In Armenia, the term gusan is often used as a synonym for ashugh, a singer-poet and bard.

Etymology 
The word gusan is first mentioned in early Armenian texts of V c., e.g. Faustus of Byzantium, Moses of Chorene, etc. In Parsian language the earliest known evidence is from Vis o Rāmin by Fakhruddin As'ad Gurgani in the eleventh century. It was originally thought to have been a personal name. However in the 19th century Kerovbe Patkanian identified it as a common word possibly meaning "musician" and suggested that it was an obsolete Persian term, currently found in a form of a loanword in Armenian. In 1934 Harold Walter Bailey linked to origin of the word to the Parthian language. In Hrachia Acharian's opinion the word was borrowed into Parthian from Armenian govasan "praiser", then borrowed back into Armenian as gusan. The word is attested in Manichaean Parthian as gwsʾn. For a thorough linguistic treatment of the word see gwsʾn.

History

In Parthia and Sassanian Iran
Music and poetry constituted an essential part of Parthian culture, serving as an important indicator of belonging in the secular society of ancient Parthia. It is not known from ancient sources how the Parthian gosans were trained, but the predominance of hereditary transmission of professions in Ancient Iran makes it possible for transmission from family education and the transfer of knowledge from fathers to children. Historians believe that each feudal clan had its own clan minstrel gosans who knew the history and traditions of the clan and glorified them in their works.

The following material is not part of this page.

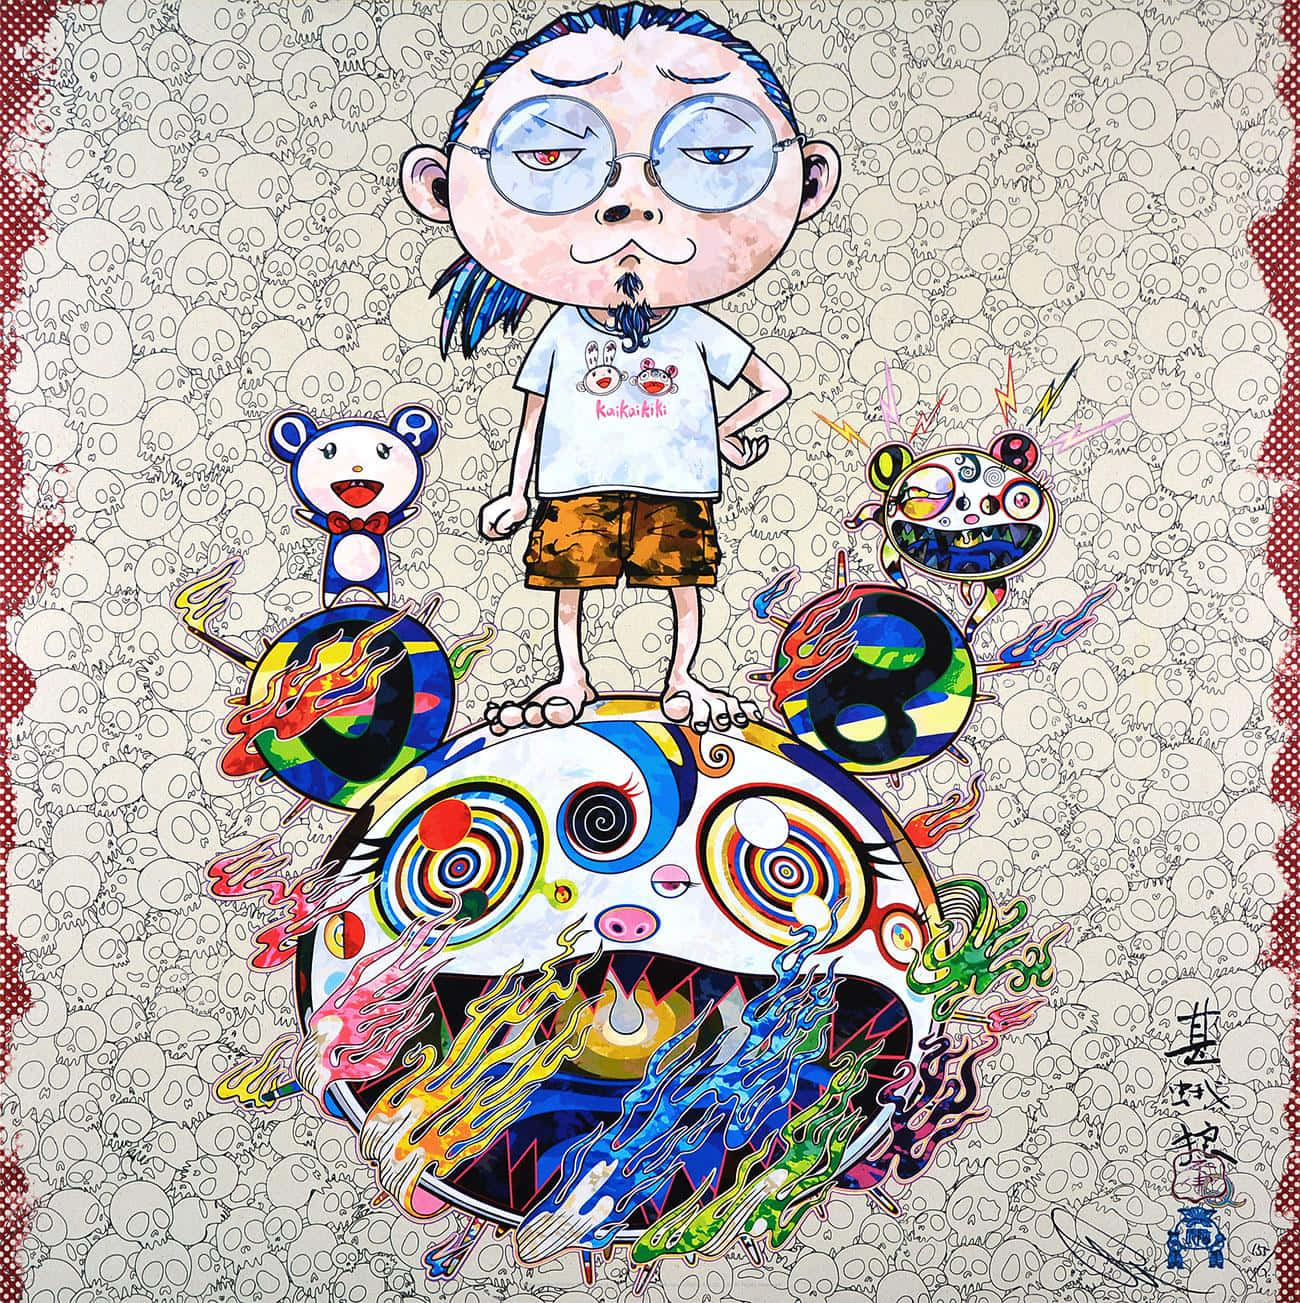 Download Vibrant Japanese Pop Art Explosion Wallpaper | Wallpapers.com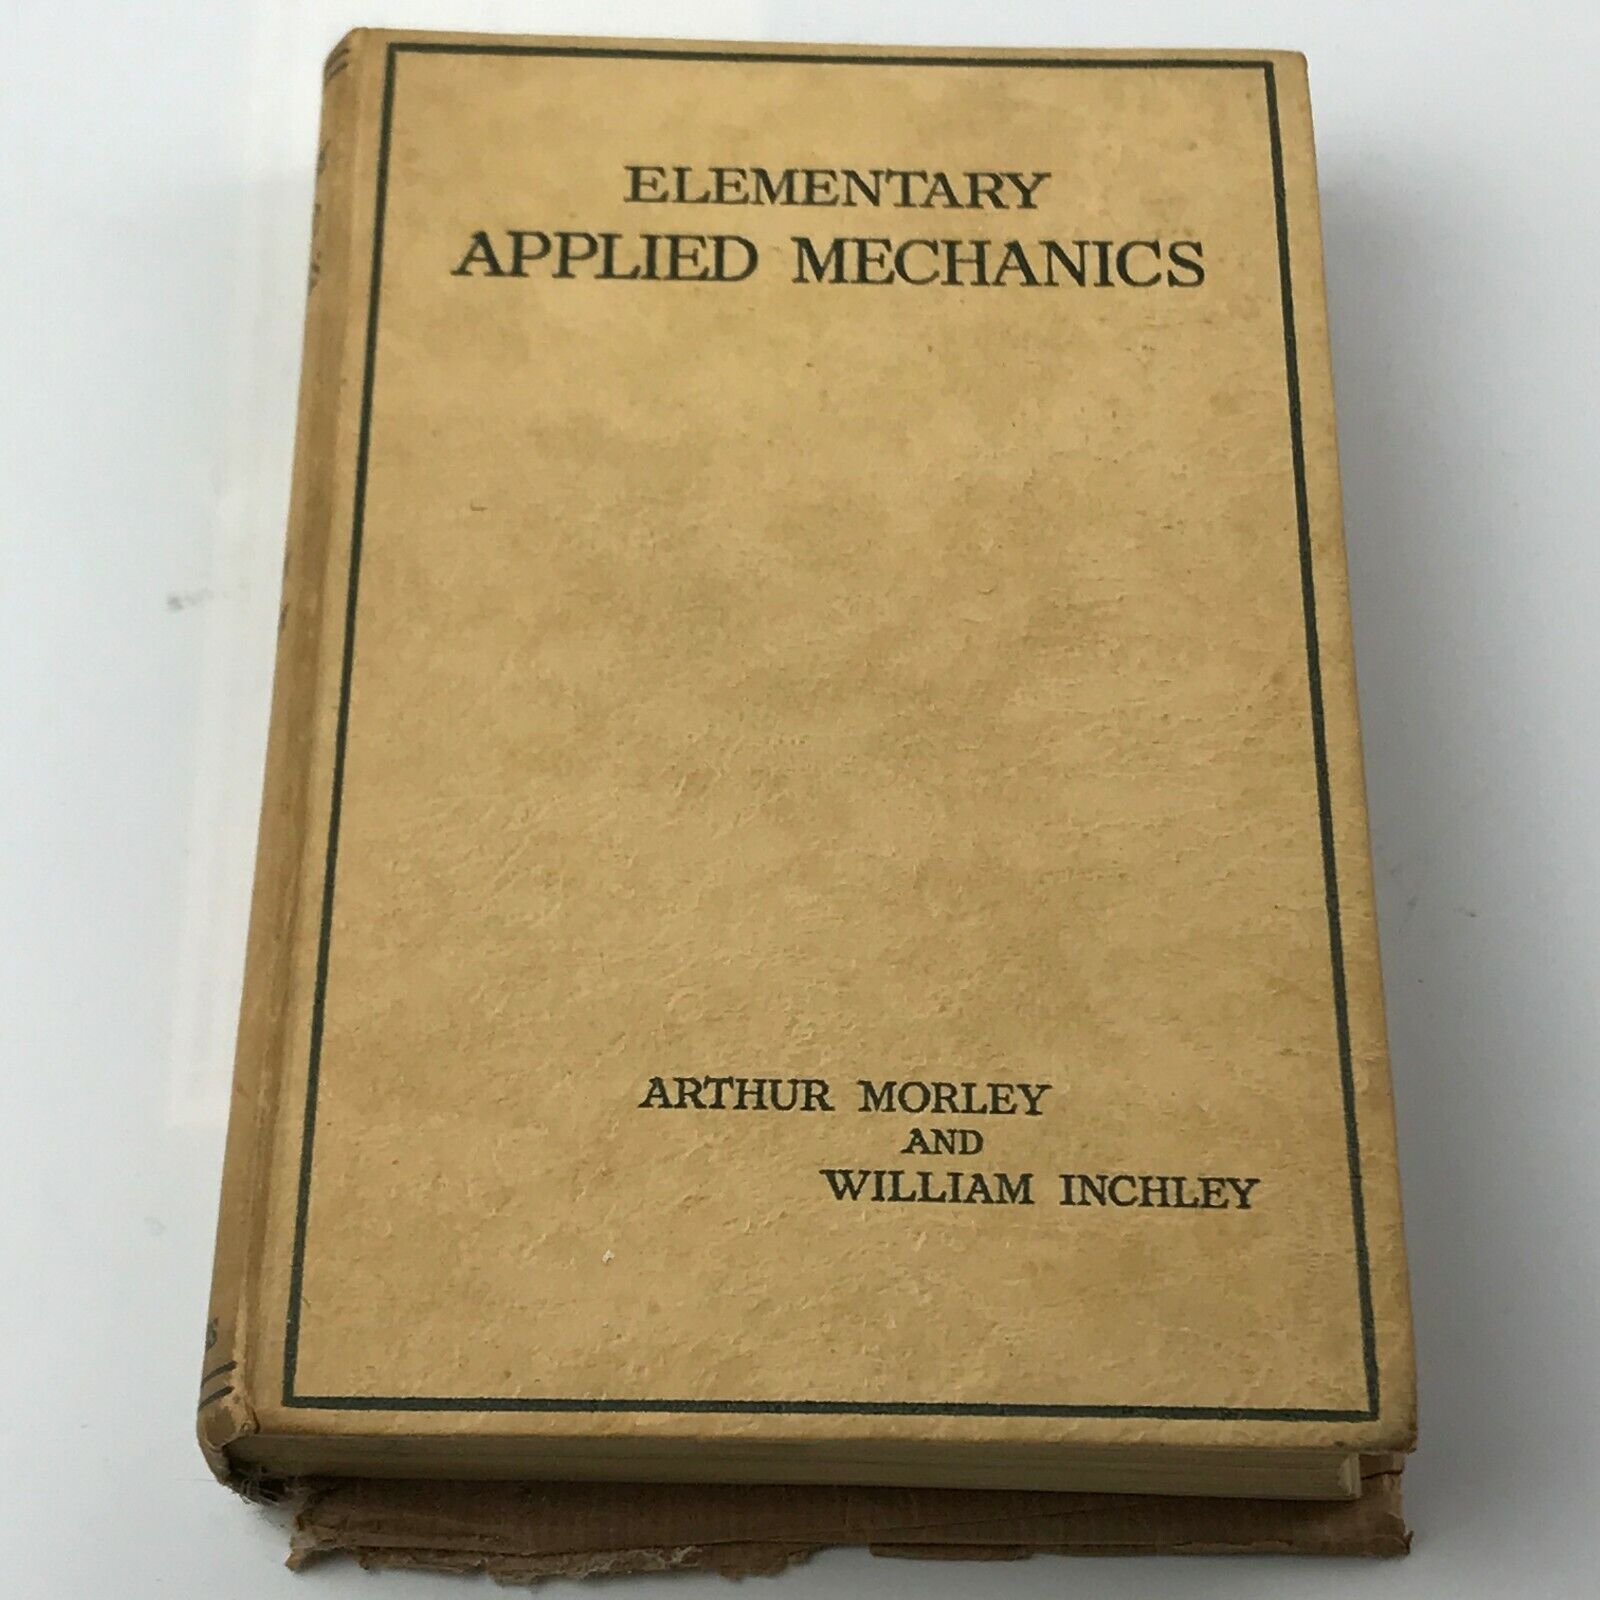 VINTAGE ELEMENTARY APPLIED MECHANICS MORLEY INCHLEY 1947 IMPRESSION BOOK

The Gosans enjoyed great privileges and authority in ancient Iranian society. According to medieval Iranian sources, not a single significant event could do without them. Gusan art reached a focal point of development during the Sasanian Empire. One of the most famous gusans (minstrel poets) of the Sassanian era was Barbad.

Parthian influence has left clear traces in some aspects of Armenian culture. Thus, the gusans mentioned by Armenian authors are a replica of the Parthian gusans. Mary Boyce believes that the Parthian cultural influence was so strong in the region, and in particular in Armenia, that it is likely that the Parthian gusans influenced not only the name but also, the Armenian art form.

In Armenia

The origin of Armenian religious and secular songs and their instrumental counterparts takes place in time immemorial. Songs arise from various expressions of Armenian folk art such as rituals, religious practices and mythological performances in the form of music, poetry, dance and theatre. Performers of these forms of expression, gradually honing their skills and developing theoretical aspects, have created a performing tradition. In ancient Armenia, musicians that were referred to as "vipasans”(storytellers) appeared in historical sources as early as the first millennium BC. Vipasans raised the art of secular song and music to a new level. Over time, the vipasans were replaced by "govasans" which later became known as "gusans.” The art of the latter is one of the most important manifestations of medieval Armenian culture, which left indelible traces in the consciousness and spiritual life of people. Gusans, cultivating this particular art form, created monumental works in both lyric and epic genres, thus enriching both national and international cultural heritage (such examples are the heroic epic “David of Sasun” and a series of lyric poems -hairens)

In the early Middle Ages the word gusan was used as an equivalent to the classical Greek word mimos (mime). There were 2 groups of gousans:

1. the first were from aristocratic dynasties (feudal lords) and performed as professional musicians.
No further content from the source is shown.